Mother's dad, Marshall DeWitt Jenkins, built it sometime around 1916 to 1918, about twelve miles north of Kaycee. He had sold the homestead when Mom was little, before 1925. Kaycee is about 46 miles south of Buffalo.
About 25 years ago, Mother bought the cabin from the owner, James Ullery. My dad, George Oltion, with help from some of the family, took it apart, marking the logs so he would be able to properly reconstruct it, and moved it to their (my parents') yard in Story, about 20 miles north of Buffalo.
Then Mother put old items in it, including the old treadle sewing machine her mother, Sylvia Jenkins, had used. Another item that Mother put in it was the big trunk that her mother had brought out from Illinois to Wyoming in August, 1914, about 2 or 3 months after she and Grandpa were married.

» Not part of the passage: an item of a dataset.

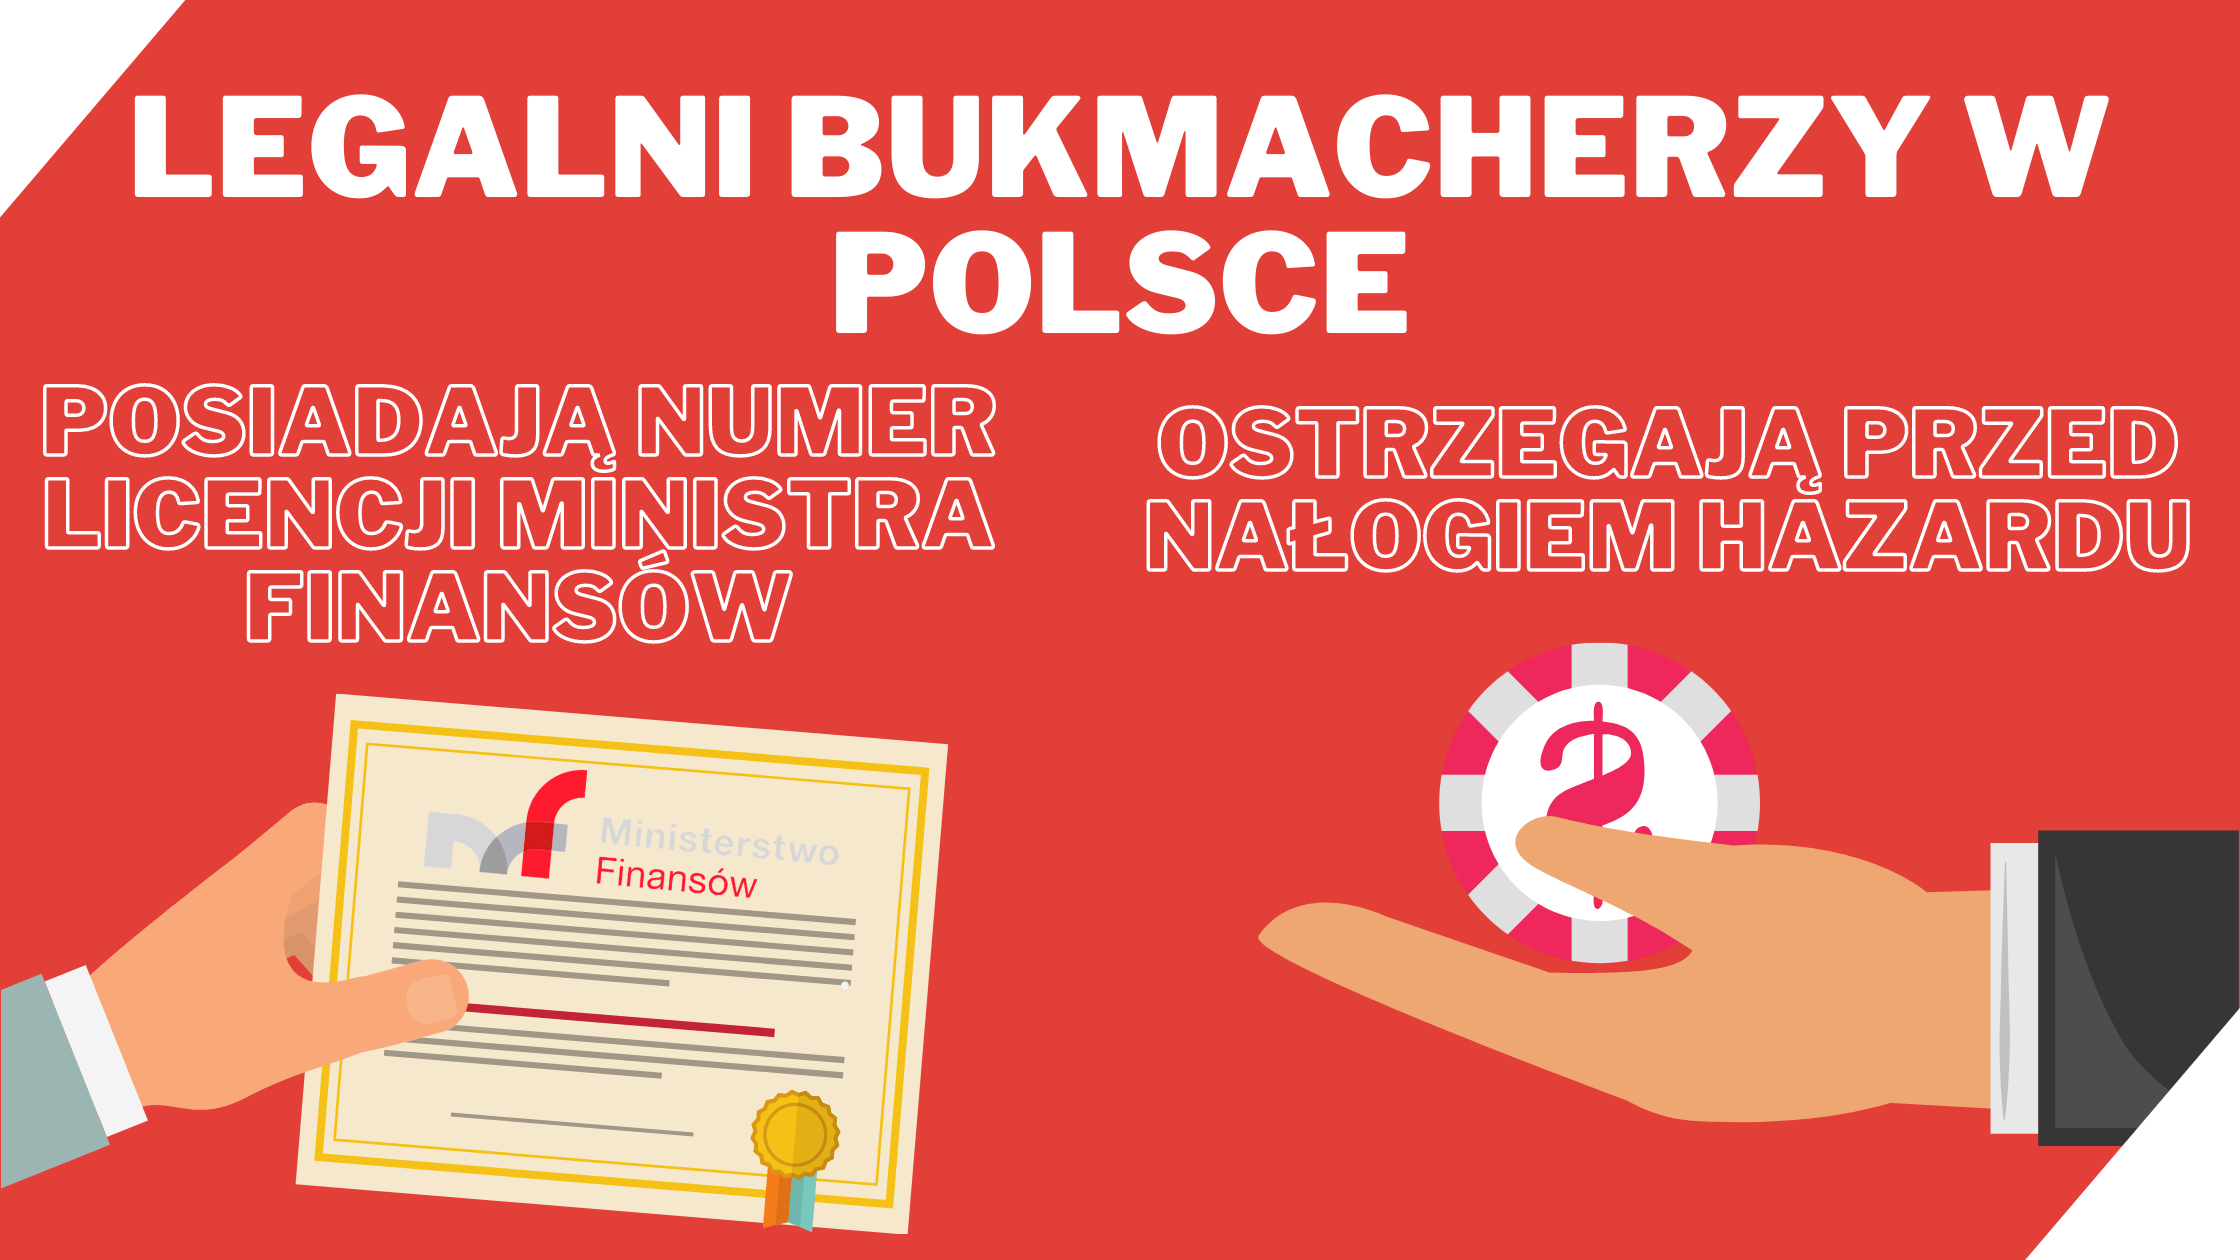 Legalni bukmacherzy w Polsce - Licencja Ministerstwa Finansów i nalóg hazardowy

About two years ago, Mother donated the homestead cabin to the museum and they moved it from her yard to the museum/court house lawn, all in one piece, last fall.
Grandma used to call the home a house instead of a cabin. To her, a cabin was smaller, but this is a two-room "house" rather than a cabin. Grandpa had made it using logs from trees he had cut on the southern tip, called The Horn, of the Big Horn Mountains, a few miles west of the homestead.
If you are ever in our area, stop at the Jim Gatchell Museum in Buffalo to see the homestead house exhibit.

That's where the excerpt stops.